Pricing runs in the $$ range for an airport: coffee costs more than downtown Rochester, and pastries land in the $3–$5 band. Reviews on Google call the coffee “fine” and “did the job,” but several note it’s only average quality for what you pay. If you care more about speed than flavor notes, it works; if you’re picky about espresso, keep expectations in check.
Food choices stay thin: posters describe “mostly coffee and pastries, not a real breakfast,” so assume muffins, cookies, maybe a wrapped sandwich or two rather than hot eggs or made-to-order items. A few flyers mention grabbing packaged snacks for a short hop, then holding out for a real meal at the next airport. If you want actual Italian ristorante dishes, this isn’t it.

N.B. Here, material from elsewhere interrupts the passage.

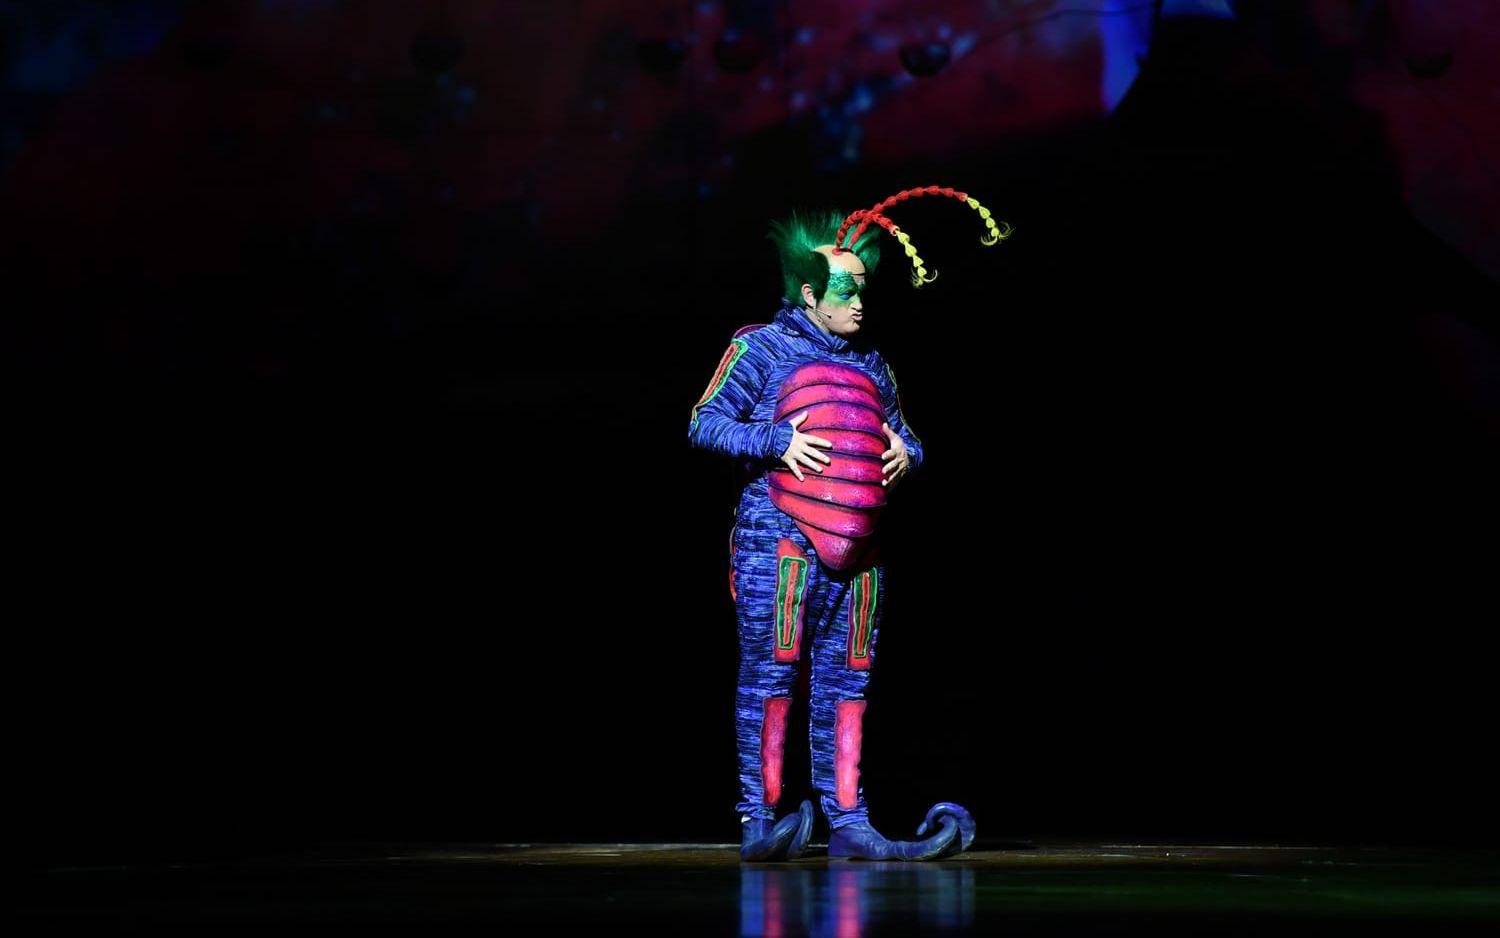 Cirque du soleil, den kanadensiska cirkusarnas cirkus, bjuder med ”Ovo” på formidabel luftakrobatik och konstnärligt hisnande akter.

Regular ROC commuters say they still aim for Dunkin’ near the other gates, only diverting to Gusto when they see that orange-and-pink line balloon to 20–30 people. In those mornings, Gusto’s smaller queue by G8 can cut your wait to 3–5 minutes. Figure on a basic coffee and pastry handoff in under 2 minutes once you reach the front.
Watch out for: limited seating and nowhere to properly camp with a laptop; this is a stand, not a café. Also, hours “vary,” so don’t count on it for late-night flights after 9 p.m. Smart move: if your boarding pass shows G8–G10, glance at Dunkin’ as you pass; if the line’s crazy, double back to Gusto and be done.